Films Based On The Comic Strip
- 91:an Karlsson. "Hela Sveriges lilla beväringsman" (1946)
- 91:an Karlssons permis (1947)
- 91 Karlssons bravader (1951)
- Alla tiders 91 Karlsson (1953)
- 91 Karlsson rycker in (1955)
- 91:an Karlsson slår knock out (1957)
- 91:an Karlsson muckar (tror han) (1959)
- 91:an och generalernas fnatt (1977)
Read more about this topic: 91:an (comic Strip)
Famous quotes containing the words comic strip, films, based, comic and/or strip:
“Commercial jazz, soap opera, pulp fiction, comic strips, the movies set the images, mannerisms, standards, and aims of the urban masses. In one way or another, everyone is equal before these cultural machines; like technology itself, the mass media are nearly universal in their incidence and appeal. They are a kind of common denominator, a kind of scheme for pre-scheduled, mass emotions.”
—C. Wright Mills (191662)
“Television does not dominate or insist, as movies do. It is not sensational, but taken for granted. Insistence would destroy it, for its message is so dire that it relies on being the background drone that counters silence. For most of us, it is something turned on and off as we would the light. It is a service, not a luxury or a thing of choice.”
—David Thomson, U.S. film historian. America in the Dark: The Impact of Hollywood Films on American Culture, ch. 8, William Morrow (1977)

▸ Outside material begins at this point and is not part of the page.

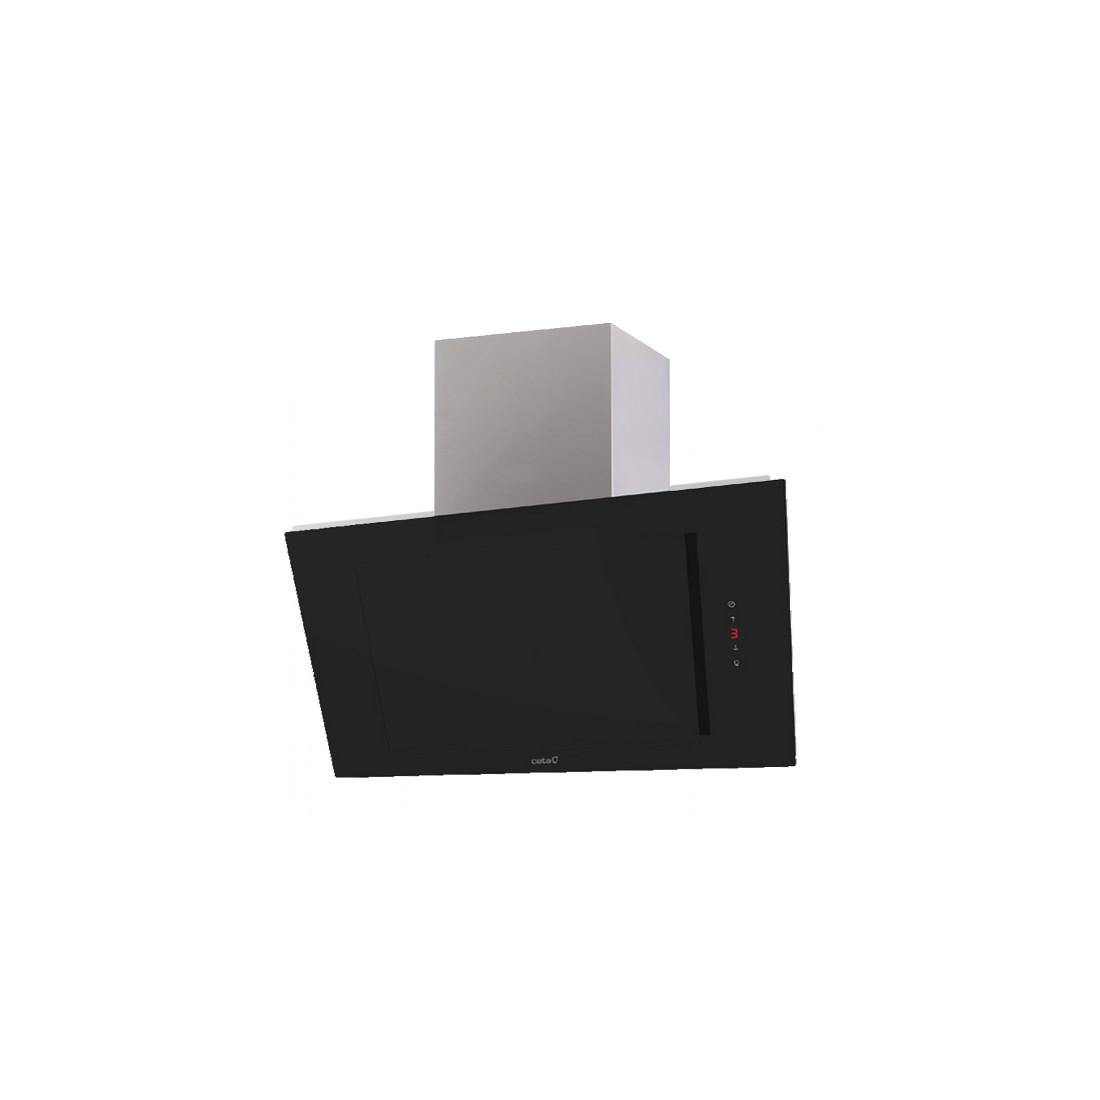 Campana Decorativa - Cata THALASSA 700XGBK Negro, 70 cm

“This is a war universe. War all the time. That is its nature. There may be other universes based on all sorts of other principles, but ours seems to be based on war and games.”

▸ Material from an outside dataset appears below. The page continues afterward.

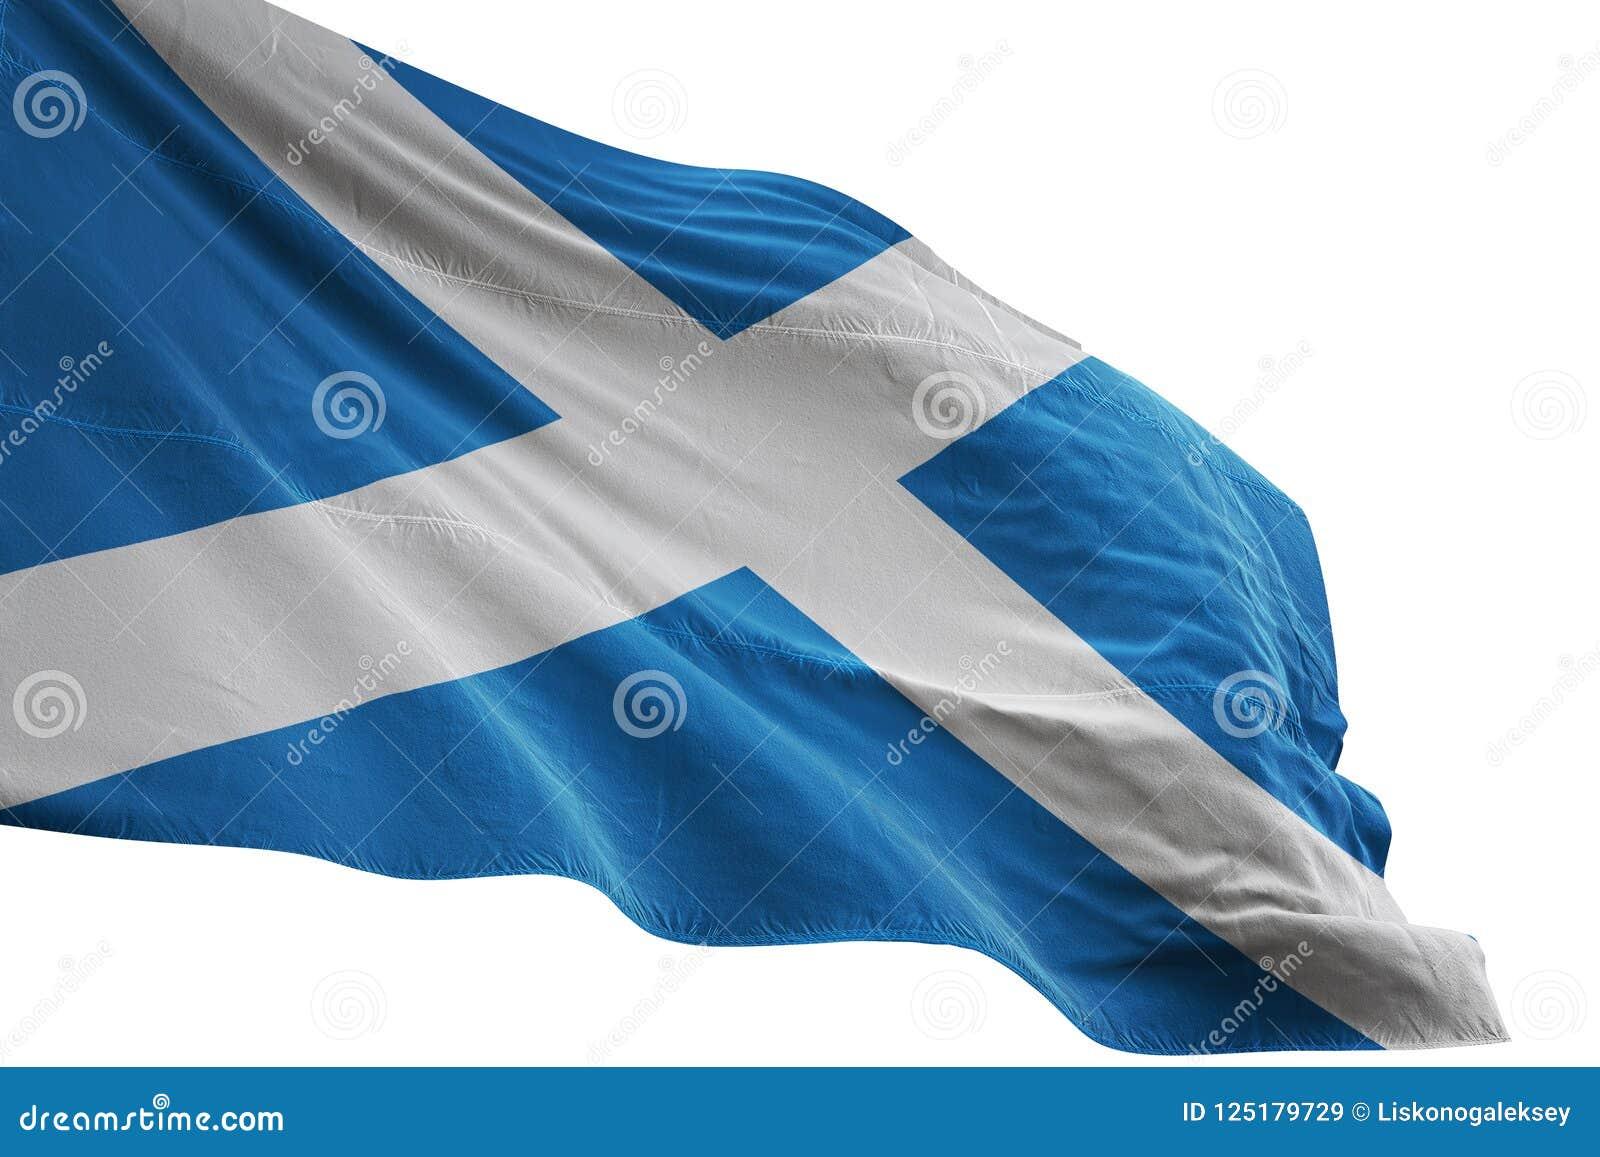 Scotland national flag waving isolated on white background 3d illustration

—William Burroughs (b. 1914)
“Commercial jazz, soap opera, pulp fiction, comic strips, the movies set the images, mannerisms, standards, and aims of the urban masses. In one way or another, everyone is equal before these cultural machines; like technology itself, the mass media are nearly universal in their incidence and appeal. They are a kind of common denominator, a kind of scheme for pre-scheduled, mass emotions.”
—C. Wright Mills (191662)
“Perfect present has no existence in our consciousness. As I said years ago in Erewhon, it lives but upon the sufferance of past and future. We are like men standing on a narrow footbridge over a railway. We can watch the future hurrying like an express train towards us, and then hurrying into the past, but in the narrow strip of present we cannot see it. Strange that that which is the most essential to our consciousness should be exactly that of which we are least definitely conscious.”